Sally umschließt ihr Amulett mit der rechten Hand, küsst es und nimmt dann die Knarren seelenruhig nach oben. Ich weiß, man kann sich auf diese Kriegerin verlassen. Sally hat Nerven aus Stahl.
Ich vertraue meinem animalischen Instinkt, nehme Anlauf und werfe meinen bulligen Körper gegen die hintere Scheunenwand. Der Versuch, sie zu durchbrechen, misslingt. Die Wand ist zu stabil. Natürlich hat diese Aktion einen Höllenlärm gemacht, den die Bullen mit Sicherheit gehört haben.
Das Scheitern hat meinen Adrenalinspiegel und die Kampfeslust gesteigert. Ich nehme all meine Kraft zusammen, stürme wie ein Berserker auf die Wand zu und hämmere mein volles Gewicht dagegen.
Mein Körper prallt ab und ich stürze benommen in herumliegendes Gerümpel.

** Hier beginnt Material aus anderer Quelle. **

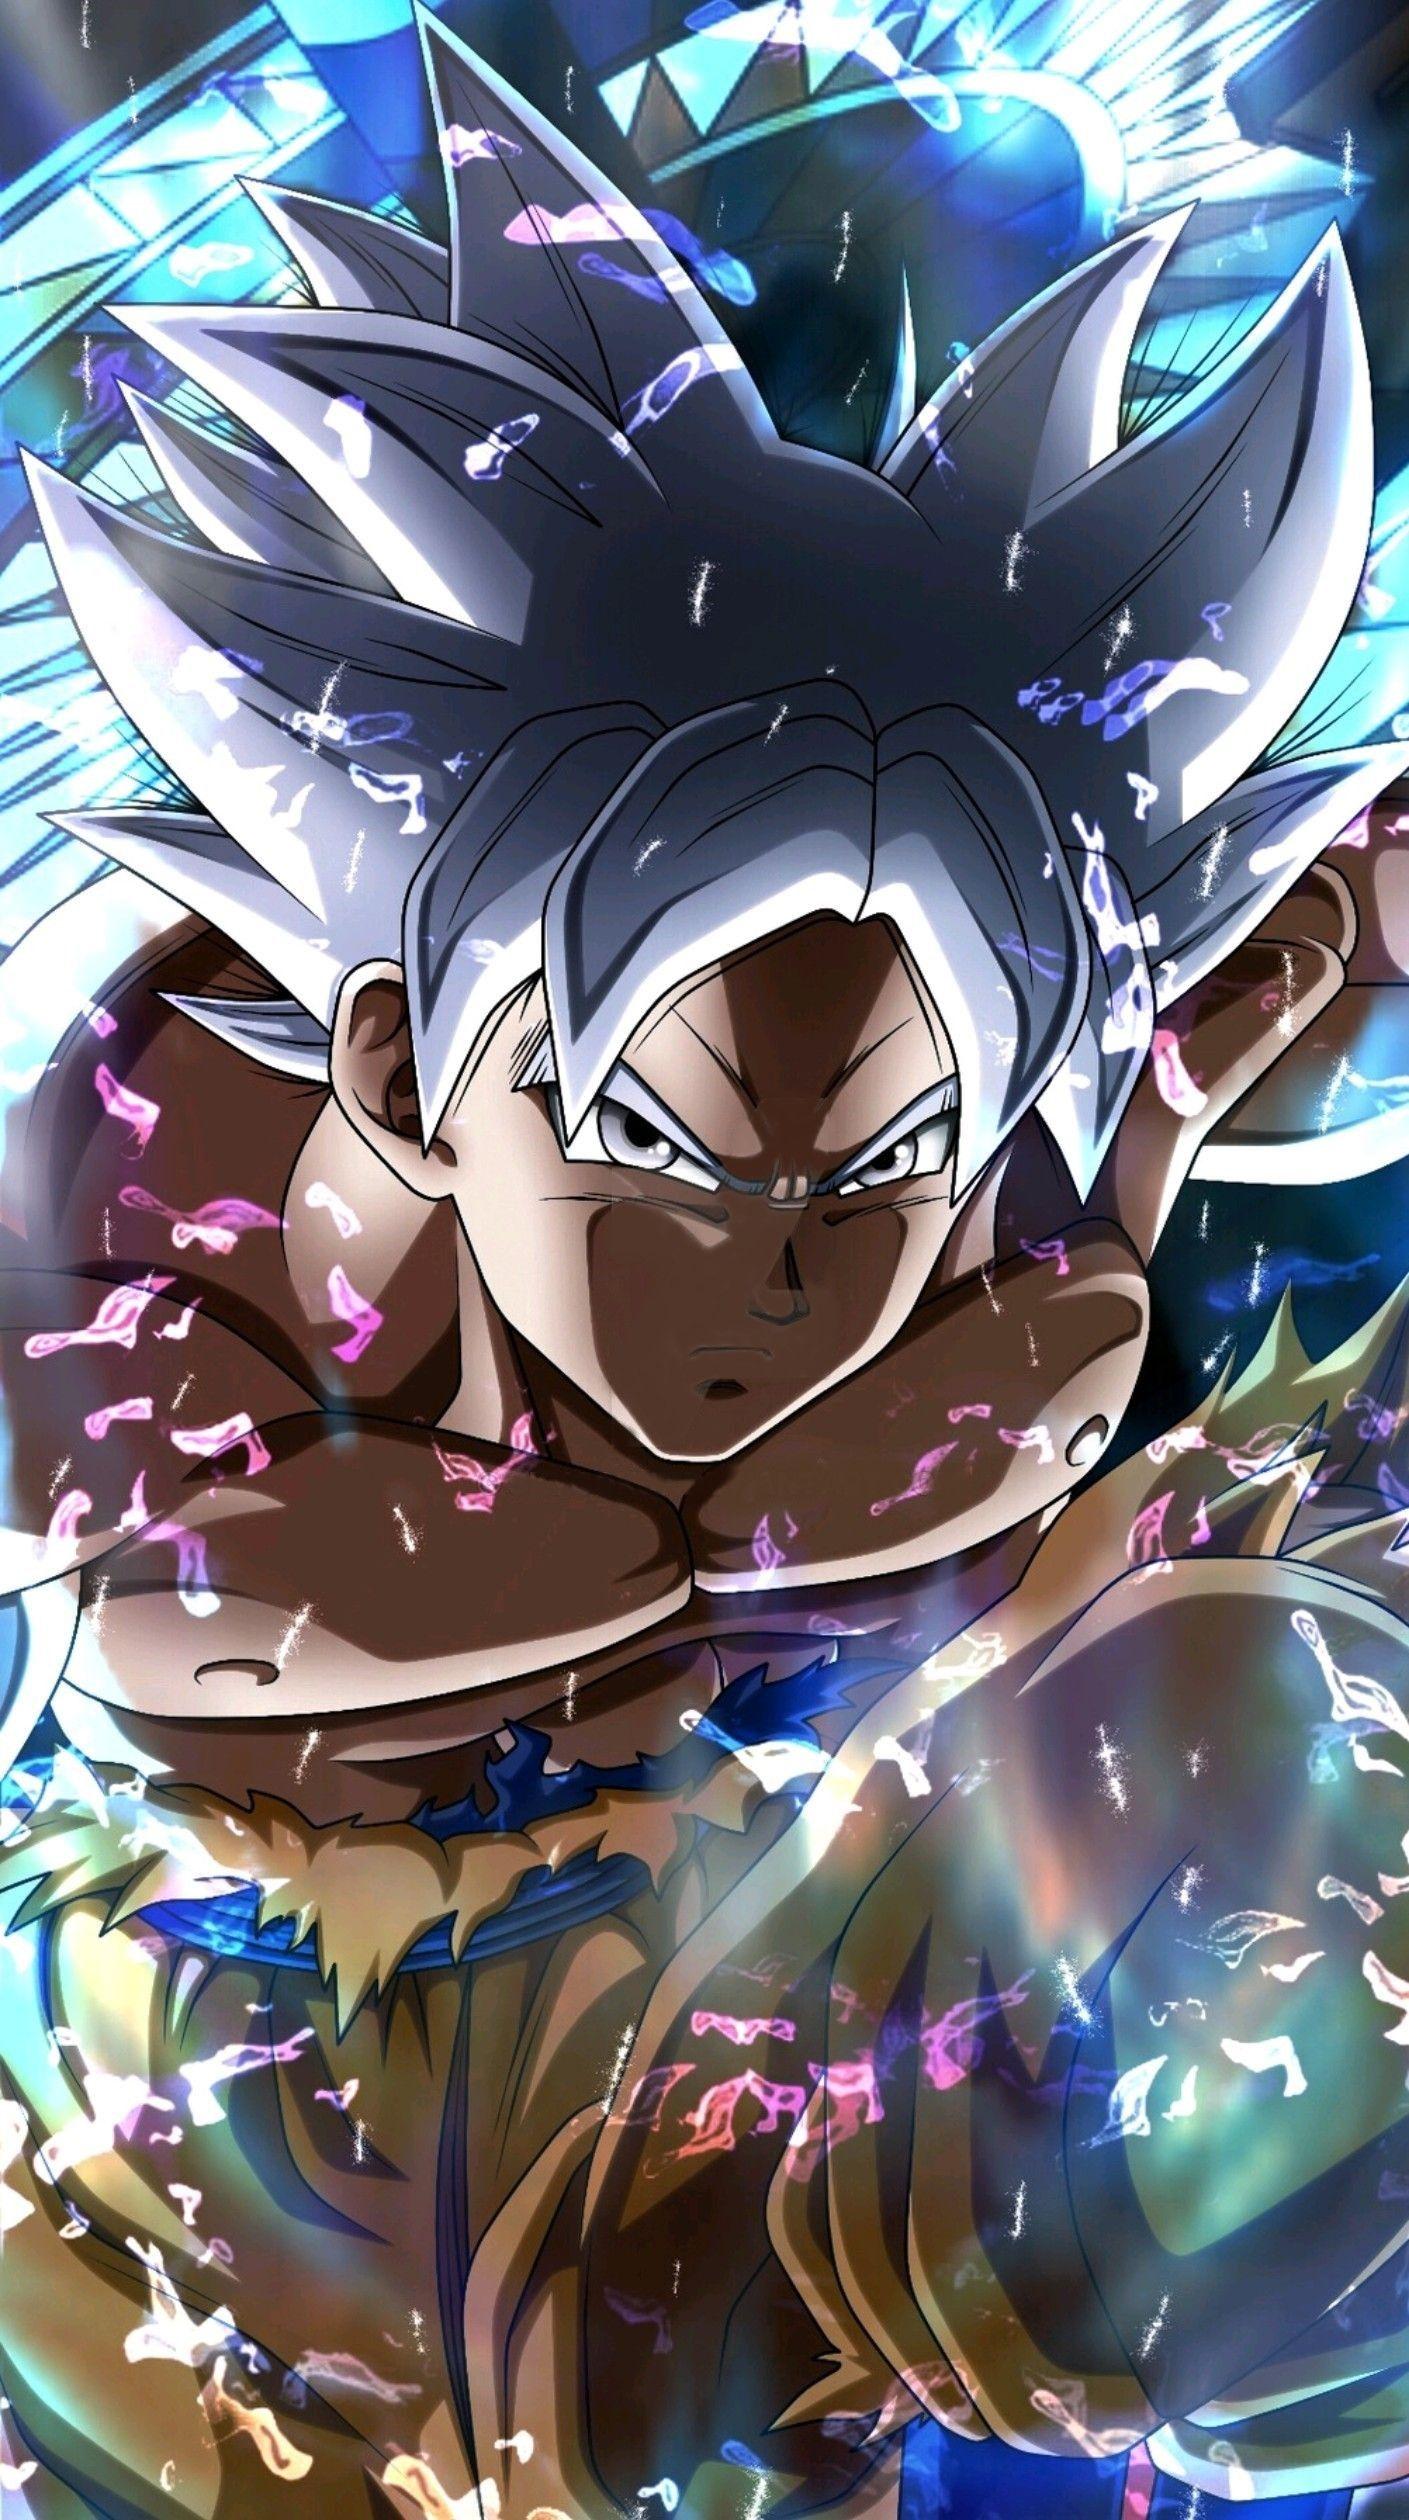 Goku ultra instinto dominado dragon ball dibujo de goku fondos de pantalla goku y pantalla - Imagenes de dragon ball super ultra instinto ...

Sekunden später komme ich wieder zu mir, drehe zuerst zwei Nägel, die sich in meine Wade gebohrt haben, aus der Haut. Dann sehe ich unter all dem Plunder, in dem ich nun hocke, etwas Metallenes aufblitzen. Ich greife danach, ziehe es aus dem Schrott hervor und breche in Jubel aus: ein Beil. Das hat die Bäuerin uns geschickt!
Sofort beginne ich, die Axt in das Holz der Scheunenwand zu donnern. Immer wieder, ganz fest. Darin hab ich Übung.

Es dauert nicht lang, bis ein schädelgroßes Loch in der Wand klafft. Den Rest erledige ich mit dem Fuß.
In der Zwischenzeit hat Sally die verschanzten Bullen mit gelegentlichen Warnschüssen auf Distanz gehalten. Auf meinen Befehl hin ballert Sally nun so richtig drauflos. In jeder Hand eine Knarre schießt Sally aus vollen Rohren und zeigt den Typen draußen, was sie beim Paintball gelernt hat.
Dann spurtet sie zu mir.
Geschickt zwängen wir uns durch die Öffnung in der Wand.
Jetzt schnell den Hügel rauf.

Gleich darauf stürzen die Bullen hinter uns her, doch zu spät. Wir haben bereits einen Vorsprung.
Ich drehe mich kurz zu ihnen um, als sie gerade den Hügel hochkommen, und balle siegreich die Faust.